Stored dataset items:
****

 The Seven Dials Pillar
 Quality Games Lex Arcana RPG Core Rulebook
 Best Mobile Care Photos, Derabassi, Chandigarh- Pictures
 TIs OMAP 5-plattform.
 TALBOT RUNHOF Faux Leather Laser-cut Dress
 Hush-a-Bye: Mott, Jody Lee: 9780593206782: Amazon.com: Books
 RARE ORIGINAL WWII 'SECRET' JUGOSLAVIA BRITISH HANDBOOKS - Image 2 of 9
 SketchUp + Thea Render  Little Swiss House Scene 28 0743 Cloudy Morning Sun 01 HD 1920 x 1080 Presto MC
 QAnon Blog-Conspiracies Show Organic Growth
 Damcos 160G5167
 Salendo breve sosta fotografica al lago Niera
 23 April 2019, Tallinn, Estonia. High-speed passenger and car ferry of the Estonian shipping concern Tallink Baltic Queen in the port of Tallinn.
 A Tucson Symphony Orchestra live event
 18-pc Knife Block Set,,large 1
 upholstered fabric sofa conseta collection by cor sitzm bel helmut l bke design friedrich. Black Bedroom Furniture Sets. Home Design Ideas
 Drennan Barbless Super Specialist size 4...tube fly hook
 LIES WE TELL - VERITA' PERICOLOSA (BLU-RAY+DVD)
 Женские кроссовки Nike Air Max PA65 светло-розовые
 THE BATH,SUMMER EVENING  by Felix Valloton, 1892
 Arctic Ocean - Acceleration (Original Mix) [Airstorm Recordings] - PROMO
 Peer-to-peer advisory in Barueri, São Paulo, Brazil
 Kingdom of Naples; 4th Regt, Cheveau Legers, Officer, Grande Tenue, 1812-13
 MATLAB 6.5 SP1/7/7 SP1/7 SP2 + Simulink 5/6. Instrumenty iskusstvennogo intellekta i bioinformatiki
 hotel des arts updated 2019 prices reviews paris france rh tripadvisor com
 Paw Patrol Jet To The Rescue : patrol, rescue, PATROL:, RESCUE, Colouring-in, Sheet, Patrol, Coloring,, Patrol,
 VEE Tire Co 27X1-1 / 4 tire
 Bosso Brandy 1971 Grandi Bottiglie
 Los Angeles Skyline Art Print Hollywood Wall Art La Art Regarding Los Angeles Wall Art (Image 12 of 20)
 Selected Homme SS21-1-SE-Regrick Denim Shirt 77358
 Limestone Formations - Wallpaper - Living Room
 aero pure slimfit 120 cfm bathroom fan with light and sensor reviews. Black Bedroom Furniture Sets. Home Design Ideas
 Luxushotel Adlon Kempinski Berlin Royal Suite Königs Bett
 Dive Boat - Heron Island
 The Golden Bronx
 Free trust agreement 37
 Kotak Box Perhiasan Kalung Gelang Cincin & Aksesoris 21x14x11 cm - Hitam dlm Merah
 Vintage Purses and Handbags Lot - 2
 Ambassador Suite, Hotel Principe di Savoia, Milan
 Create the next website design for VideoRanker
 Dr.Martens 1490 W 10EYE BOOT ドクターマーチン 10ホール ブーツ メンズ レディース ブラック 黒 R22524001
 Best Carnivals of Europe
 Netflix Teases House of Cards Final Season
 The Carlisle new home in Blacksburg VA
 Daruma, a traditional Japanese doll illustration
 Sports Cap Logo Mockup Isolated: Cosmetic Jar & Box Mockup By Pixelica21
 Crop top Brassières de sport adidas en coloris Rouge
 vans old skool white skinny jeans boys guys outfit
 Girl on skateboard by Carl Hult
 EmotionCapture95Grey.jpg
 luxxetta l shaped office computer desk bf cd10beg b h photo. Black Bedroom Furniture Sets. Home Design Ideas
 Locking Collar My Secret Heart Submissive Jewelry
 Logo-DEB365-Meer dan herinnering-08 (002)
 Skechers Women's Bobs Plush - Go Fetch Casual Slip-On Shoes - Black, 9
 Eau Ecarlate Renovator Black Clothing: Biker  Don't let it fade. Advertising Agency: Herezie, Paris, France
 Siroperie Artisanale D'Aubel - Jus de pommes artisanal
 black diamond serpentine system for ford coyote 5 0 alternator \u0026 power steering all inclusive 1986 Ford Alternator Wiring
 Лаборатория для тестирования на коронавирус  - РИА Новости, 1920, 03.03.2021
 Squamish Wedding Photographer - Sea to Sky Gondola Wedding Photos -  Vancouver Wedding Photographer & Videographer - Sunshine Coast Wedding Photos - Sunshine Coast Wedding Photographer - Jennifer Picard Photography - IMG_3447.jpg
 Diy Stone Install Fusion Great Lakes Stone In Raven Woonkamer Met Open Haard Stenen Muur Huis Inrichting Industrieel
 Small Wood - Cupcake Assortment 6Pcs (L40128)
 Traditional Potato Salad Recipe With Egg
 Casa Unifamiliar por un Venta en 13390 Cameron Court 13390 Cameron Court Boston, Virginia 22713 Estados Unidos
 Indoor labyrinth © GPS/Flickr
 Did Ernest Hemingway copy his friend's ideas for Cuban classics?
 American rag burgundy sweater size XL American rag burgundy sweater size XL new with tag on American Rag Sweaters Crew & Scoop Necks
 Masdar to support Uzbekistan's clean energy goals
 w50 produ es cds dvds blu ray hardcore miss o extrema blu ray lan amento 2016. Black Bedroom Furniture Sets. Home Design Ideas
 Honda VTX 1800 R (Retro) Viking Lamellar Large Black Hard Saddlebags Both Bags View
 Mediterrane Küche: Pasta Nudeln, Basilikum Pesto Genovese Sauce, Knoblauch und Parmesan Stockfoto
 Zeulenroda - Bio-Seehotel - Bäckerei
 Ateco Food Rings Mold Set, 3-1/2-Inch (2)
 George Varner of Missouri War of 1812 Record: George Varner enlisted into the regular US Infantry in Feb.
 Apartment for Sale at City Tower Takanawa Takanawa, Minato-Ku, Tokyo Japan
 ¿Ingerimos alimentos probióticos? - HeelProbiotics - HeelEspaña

****

AIM OF THE EXERCISE. Return, line for line and unchanged, the data from its first line through the line containing "Damcos 160G5167".

ANSWER FOR THE TASK.
 The Seven Dials Pillar
 Quality Games Lex Arcana RPG Core Rulebook
 Best Mobile Care Photos, Derabassi, Chandigarh- Pictures
 TIs OMAP 5-plattform.
 TALBOT RUNHOF Faux Leather Laser-cut Dress
 Hush-a-Bye: Mott, Jody Lee: 9780593206782: Amazon.com: Books
 RARE ORIGINAL WWII 'SECRET' JUGOSLAVIA BRITISH HANDBOOKS - Image 2 of 9
 SketchUp + Thea Render  Little Swiss House Scene 28 0743 Cloudy Morning Sun 01 HD 1920 x 1080 Presto MC
 QAnon Blog-Conspiracies Show Organic Growth
 Damcos 160G5167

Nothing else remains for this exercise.